The Long Island Republican added a well-aimed swipe at what passes for the media today: "The media went along with this actually, keeping this farcical, ridiculous thought going that the President of the United States... was somehow involved in a conspiracy with Russia against his own country."
According to King, the Justice Department's review, ordered by Attorney General William Barr, would prove that former officials acted improperly. He was alluding to the investigation led by John Durham, U.S. Attorney in Connecticut. Sounds nice. But waiting for Durham to complete his investigation at a typically lawyerly pace would, I fear, be much like the experience of waiting for Mueller to finish his; that is, like waiting for Godot. What about now?
So Where is the IG Report on FISA?
That's the big one. If Horowitz is able to speak freely about what he has learned, his report could lead to indictments of former CIA Director John Brennan, former FBI Director James Comey, former FBI Deputy Director Andrew McCabe, former Deputy Attorneys General Sally Yates and Rod Rosenstein, and Dana Boente. Boente being the only signer of the relevant FISA applications still in office. (No, he has not been demoted to file clerk in the FBI library; at last report, he is FBI General Counsel!)
The DOJ inspector general's investigation, launched in March 2018, has centered on whether the FBI and DOJ filing of four FISA applications and renewals beginning in October 2016 to surveil former Trump campaign adviser Carter Page amounted to abuse of the FISA process. (Fortunately for the IG, Obama's top intelligence and law enforcement officials were so sure that Hillary Clinton would win that they did not do much to hide their tracks.)
The Washington Examiner reported last Tuesday, "The Justice Department inspector general's investigation of potential abuse of the Foreign Intelligence Surveillance Act is complete, a Republican congressman said, though a report on its findings might not be released for a month." The report continued:
"House Judiciary Committee member John Ratcliffe (R, Texas) said Monday he'd met with DOJ watchdog Michael Horowitz last week about his FISA abuse report. In a media interview, Ratcliffe said they'd discussed the timing, but not the content of his report and Horowitz 'related that his team's investigative work is complete and they're now in the process of drafting that report.' Ratcliffe said he was doubtful that Horowitz's report would be made available to the public or the Congress anytime soon. 'He [Horowitz] did relay that as much as 20% of his report is going to include classified information, so that draft report will have to undergo a classification review at the FBI and at the Department of Justice,' Ratcliffe said. 'So, while I'm hopeful that we members of Congress might see it before the August recess, I'm not too certain about that.'"

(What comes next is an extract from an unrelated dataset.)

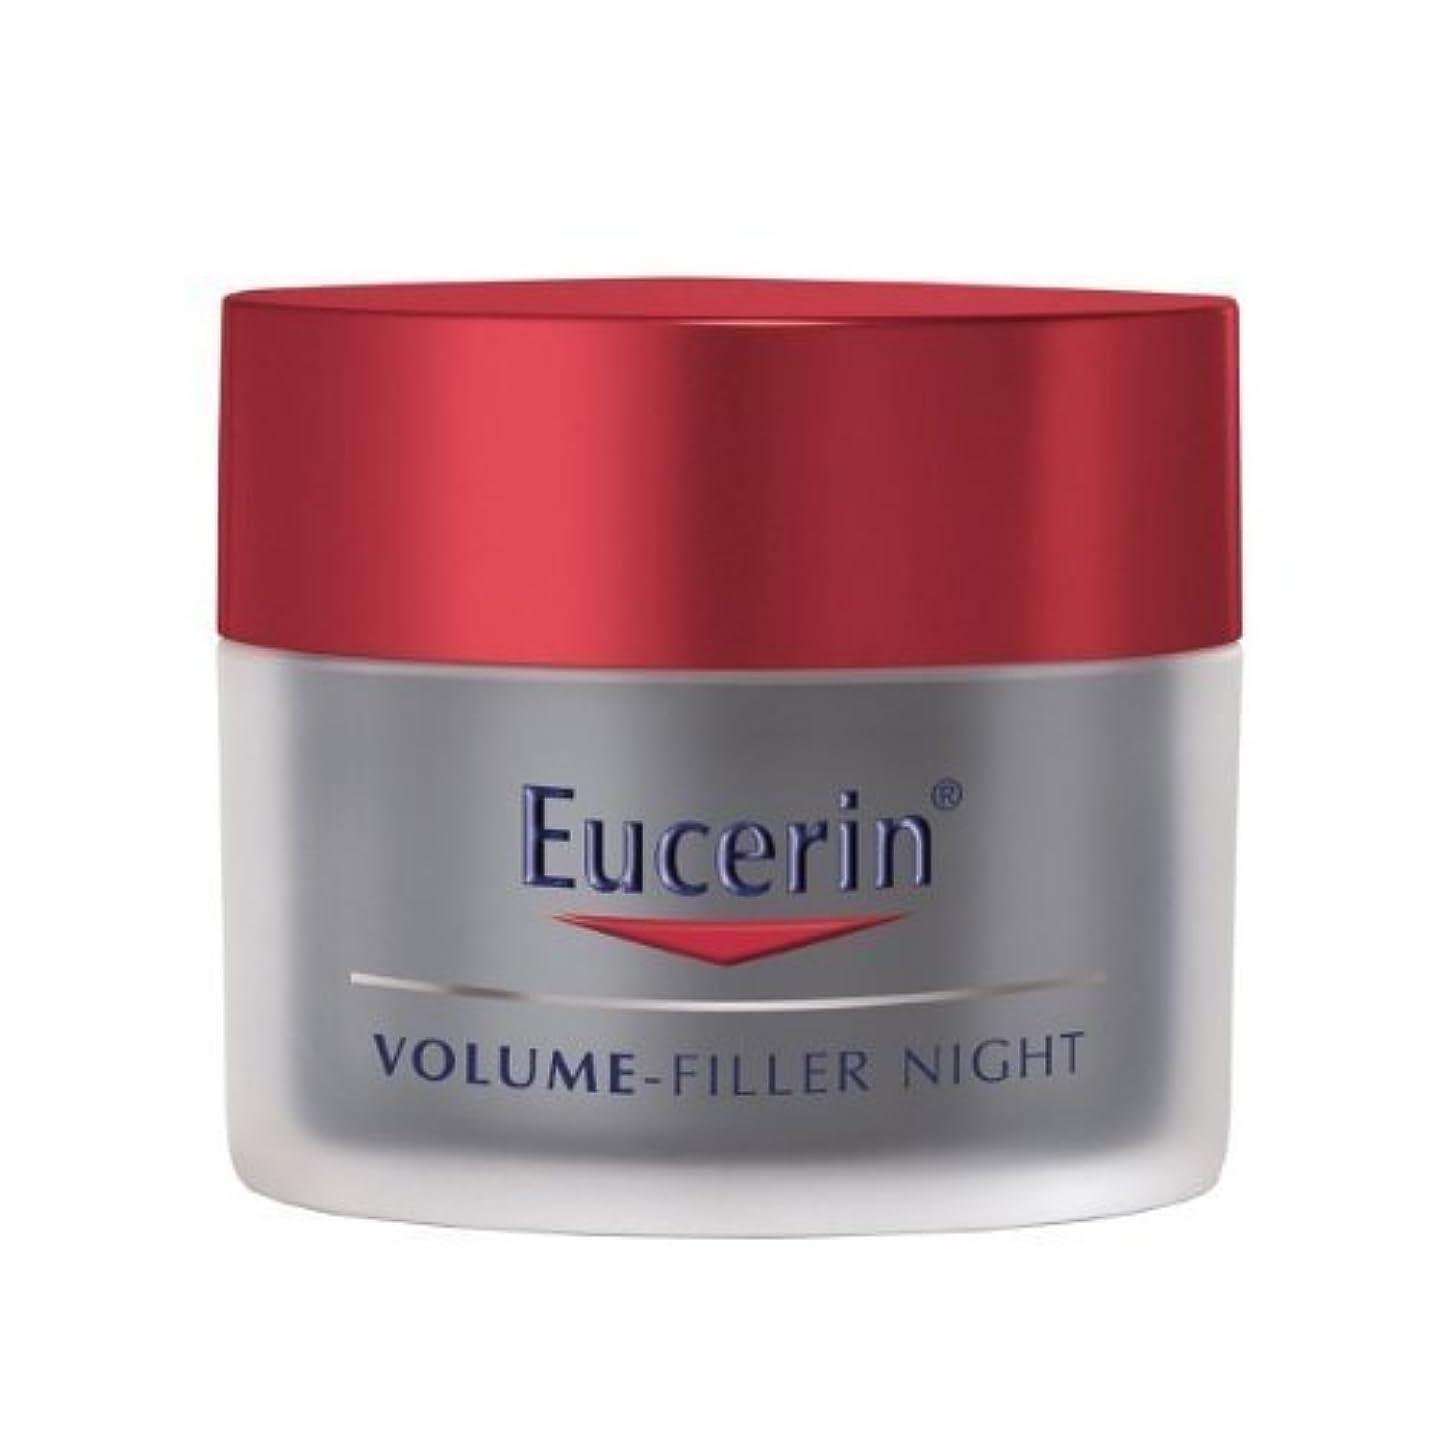 Eucerin Volume Filler Night Cream 50ml by Eucerin [並行輸入品]

Earlier, Horowitz had predicted that his report would be ready in May or June but there may, in fact, be good reason for some delay. Fox News reported Friday that "key witnesses sought for questioning by Justice Department Inspector General Michael E. Horowitz early in his investigation into alleged government surveillance abuse have come forward at the 11th hour." According to Fox's sources, at least one witness outside the Justice Department and FBI has started cooperating -- a breakthrough that came after Durham was assigned to lead a separate investigation into the origins of the FBI's 2016 Russia case that led to Special Counsel Robert Mueller's probe.